Nothing below is to be printed except the lines between the line holding "Technik Zuhause - Produkt" and the line holding "Boulangerie de la fontaine Arnouville", inclusive, each exactly as it appears.
*** Opening Entries provided ***
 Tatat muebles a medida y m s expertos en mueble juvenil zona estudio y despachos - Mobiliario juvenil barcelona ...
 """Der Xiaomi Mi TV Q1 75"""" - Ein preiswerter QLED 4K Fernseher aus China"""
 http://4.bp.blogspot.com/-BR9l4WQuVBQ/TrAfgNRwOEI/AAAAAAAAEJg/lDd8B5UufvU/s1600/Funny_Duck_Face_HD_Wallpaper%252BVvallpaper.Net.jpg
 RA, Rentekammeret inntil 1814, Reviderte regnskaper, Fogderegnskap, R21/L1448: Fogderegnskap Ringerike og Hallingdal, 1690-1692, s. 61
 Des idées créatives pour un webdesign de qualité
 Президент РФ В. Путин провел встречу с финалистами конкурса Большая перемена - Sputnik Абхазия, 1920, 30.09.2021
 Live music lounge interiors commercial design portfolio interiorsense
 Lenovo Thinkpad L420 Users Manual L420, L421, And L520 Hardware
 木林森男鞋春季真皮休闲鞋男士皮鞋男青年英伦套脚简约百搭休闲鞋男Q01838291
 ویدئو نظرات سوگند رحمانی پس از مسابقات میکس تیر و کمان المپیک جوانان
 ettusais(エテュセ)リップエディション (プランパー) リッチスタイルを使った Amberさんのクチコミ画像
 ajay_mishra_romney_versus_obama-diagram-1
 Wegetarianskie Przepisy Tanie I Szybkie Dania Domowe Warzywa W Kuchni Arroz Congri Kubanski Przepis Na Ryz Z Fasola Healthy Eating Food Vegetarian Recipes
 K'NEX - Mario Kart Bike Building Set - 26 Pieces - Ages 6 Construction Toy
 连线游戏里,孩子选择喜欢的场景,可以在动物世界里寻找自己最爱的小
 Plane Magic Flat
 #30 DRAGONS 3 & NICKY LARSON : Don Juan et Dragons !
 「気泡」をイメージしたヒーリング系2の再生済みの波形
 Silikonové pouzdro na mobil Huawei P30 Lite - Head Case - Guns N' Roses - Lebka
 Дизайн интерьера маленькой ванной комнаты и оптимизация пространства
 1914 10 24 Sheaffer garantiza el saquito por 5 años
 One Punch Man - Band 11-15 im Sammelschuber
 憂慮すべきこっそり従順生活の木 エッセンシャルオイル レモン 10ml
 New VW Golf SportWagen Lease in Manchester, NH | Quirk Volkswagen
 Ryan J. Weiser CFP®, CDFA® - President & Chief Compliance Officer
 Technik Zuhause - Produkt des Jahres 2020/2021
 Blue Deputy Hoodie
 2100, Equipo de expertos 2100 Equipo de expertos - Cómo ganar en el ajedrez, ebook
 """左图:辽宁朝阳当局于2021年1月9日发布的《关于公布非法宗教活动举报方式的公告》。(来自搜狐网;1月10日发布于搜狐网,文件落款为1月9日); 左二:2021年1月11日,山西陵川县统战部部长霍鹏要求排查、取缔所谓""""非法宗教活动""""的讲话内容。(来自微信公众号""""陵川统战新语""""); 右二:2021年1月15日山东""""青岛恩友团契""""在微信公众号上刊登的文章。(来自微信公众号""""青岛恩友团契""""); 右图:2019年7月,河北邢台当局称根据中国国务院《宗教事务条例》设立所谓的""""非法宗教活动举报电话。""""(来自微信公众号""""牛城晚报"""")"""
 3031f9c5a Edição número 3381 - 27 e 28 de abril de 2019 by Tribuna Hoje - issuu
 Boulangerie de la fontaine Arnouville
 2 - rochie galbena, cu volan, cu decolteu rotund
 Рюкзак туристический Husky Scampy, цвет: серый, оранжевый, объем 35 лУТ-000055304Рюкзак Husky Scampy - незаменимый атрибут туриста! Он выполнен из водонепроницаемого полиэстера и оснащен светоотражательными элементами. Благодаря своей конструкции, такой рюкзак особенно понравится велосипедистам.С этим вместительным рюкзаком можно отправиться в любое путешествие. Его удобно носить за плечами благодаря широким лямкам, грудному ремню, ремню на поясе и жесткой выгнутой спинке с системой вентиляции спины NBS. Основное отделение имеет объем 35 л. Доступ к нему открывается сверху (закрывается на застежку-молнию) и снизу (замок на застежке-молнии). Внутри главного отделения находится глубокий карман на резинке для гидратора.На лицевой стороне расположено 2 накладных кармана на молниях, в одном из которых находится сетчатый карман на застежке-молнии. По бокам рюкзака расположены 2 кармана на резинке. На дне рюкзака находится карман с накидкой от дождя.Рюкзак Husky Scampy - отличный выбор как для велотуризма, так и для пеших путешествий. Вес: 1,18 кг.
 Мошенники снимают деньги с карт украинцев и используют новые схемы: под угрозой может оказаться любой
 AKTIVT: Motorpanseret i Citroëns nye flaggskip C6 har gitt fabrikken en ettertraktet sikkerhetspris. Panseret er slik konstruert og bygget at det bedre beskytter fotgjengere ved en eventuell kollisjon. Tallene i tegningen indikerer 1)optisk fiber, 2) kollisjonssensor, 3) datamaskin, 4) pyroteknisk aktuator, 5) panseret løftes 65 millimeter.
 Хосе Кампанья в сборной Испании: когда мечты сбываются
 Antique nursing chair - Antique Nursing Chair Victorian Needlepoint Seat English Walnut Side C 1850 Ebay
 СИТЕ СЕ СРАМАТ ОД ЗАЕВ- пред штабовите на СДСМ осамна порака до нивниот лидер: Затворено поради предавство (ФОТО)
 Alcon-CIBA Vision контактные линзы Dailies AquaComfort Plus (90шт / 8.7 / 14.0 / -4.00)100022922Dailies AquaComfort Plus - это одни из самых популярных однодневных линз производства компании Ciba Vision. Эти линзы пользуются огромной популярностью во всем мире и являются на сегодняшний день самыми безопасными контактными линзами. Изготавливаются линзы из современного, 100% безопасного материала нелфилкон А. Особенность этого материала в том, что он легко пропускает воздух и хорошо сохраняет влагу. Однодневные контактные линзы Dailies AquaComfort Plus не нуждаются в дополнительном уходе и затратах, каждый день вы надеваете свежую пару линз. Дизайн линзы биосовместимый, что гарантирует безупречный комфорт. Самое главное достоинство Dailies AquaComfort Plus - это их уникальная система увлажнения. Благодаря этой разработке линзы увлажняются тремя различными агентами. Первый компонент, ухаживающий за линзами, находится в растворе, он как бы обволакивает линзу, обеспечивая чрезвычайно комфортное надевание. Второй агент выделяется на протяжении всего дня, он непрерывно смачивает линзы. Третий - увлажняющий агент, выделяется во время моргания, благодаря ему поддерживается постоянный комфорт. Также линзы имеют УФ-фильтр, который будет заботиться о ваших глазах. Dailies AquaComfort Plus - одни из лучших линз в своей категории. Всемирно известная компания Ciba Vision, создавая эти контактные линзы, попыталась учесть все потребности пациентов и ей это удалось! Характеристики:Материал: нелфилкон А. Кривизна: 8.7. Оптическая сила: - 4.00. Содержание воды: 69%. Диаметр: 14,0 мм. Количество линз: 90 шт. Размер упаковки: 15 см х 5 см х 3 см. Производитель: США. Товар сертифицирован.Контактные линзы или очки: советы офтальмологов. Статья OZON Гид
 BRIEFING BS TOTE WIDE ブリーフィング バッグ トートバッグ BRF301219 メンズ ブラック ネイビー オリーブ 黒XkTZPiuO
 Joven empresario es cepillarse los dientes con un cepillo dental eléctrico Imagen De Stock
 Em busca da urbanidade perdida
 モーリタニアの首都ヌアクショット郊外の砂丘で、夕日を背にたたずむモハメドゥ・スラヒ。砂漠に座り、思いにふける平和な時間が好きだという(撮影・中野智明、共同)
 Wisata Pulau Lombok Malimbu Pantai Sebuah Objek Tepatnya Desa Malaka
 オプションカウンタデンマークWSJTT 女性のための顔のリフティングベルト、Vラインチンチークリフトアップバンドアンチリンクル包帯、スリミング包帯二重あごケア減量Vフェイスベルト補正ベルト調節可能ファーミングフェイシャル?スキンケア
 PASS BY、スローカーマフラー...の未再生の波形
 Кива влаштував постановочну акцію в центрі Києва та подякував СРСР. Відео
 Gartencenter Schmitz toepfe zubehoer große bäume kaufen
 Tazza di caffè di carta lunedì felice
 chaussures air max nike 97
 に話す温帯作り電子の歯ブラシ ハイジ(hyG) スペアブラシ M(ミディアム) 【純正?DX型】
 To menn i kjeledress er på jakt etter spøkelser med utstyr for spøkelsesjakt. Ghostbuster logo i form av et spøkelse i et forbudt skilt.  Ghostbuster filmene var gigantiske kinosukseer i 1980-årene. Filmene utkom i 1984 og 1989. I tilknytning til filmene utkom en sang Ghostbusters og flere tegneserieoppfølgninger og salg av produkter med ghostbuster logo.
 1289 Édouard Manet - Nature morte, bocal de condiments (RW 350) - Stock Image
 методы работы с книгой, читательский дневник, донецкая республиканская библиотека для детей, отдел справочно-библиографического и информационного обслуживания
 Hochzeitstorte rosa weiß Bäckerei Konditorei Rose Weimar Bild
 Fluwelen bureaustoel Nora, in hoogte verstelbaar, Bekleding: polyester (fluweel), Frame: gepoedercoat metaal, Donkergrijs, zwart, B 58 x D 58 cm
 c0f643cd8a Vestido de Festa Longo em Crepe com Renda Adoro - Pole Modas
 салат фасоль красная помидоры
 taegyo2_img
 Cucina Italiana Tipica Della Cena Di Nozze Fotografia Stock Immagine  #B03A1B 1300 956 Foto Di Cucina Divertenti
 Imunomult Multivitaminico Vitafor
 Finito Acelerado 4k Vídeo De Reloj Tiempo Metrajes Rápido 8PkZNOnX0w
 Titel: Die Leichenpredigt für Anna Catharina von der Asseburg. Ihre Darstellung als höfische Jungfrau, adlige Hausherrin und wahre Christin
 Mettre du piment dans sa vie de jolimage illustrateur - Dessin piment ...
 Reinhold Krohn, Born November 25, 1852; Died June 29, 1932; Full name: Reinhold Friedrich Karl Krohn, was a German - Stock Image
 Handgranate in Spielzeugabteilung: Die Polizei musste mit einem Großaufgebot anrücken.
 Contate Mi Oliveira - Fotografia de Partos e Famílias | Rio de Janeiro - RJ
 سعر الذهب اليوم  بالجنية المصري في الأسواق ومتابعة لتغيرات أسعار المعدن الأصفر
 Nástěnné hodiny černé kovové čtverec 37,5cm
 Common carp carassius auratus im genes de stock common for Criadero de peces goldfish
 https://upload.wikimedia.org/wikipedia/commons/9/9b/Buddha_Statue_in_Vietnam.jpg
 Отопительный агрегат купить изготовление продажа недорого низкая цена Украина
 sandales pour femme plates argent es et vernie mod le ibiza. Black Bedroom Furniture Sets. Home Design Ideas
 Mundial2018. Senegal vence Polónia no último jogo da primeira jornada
*** Closing Entries provided ***
Answer to this problem >>
 Technik Zuhause - Produkt des Jahres 2020/2021
 Blue Deputy Hoodie
 2100, Equipo de expertos 2100 Equipo de expertos - Cómo ganar en el ajedrez, ebook
 """左图:辽宁朝阳当局于2021年1月9日发布的《关于公布非法宗教活动举报方式的公告》。(来自搜狐网;1月10日发布于搜狐网,文件落款为1月9日); 左二:2021年1月11日,山西陵川县统战部部长霍鹏要求排查、取缔所谓""""非法宗教活动""""的讲话内容。(来自微信公众号""""陵川统战新语""""); 右二:2021年1月15日山东""""青岛恩友团契""""在微信公众号上刊登的文章。(来自微信公众号""""青岛恩友团契""""); 右图:2019年7月,河北邢台当局称根据中国国务院《宗教事务条例》设立所谓的""""非法宗教活动举报电话。""""(来自微信公众号""""牛城晚报"""")"""
 3031f9c5a Edição número 3381 - 27 e 28 de abril de 2019 by Tribuna Hoje - issuu
 Boulangerie de la fontaine Arnouville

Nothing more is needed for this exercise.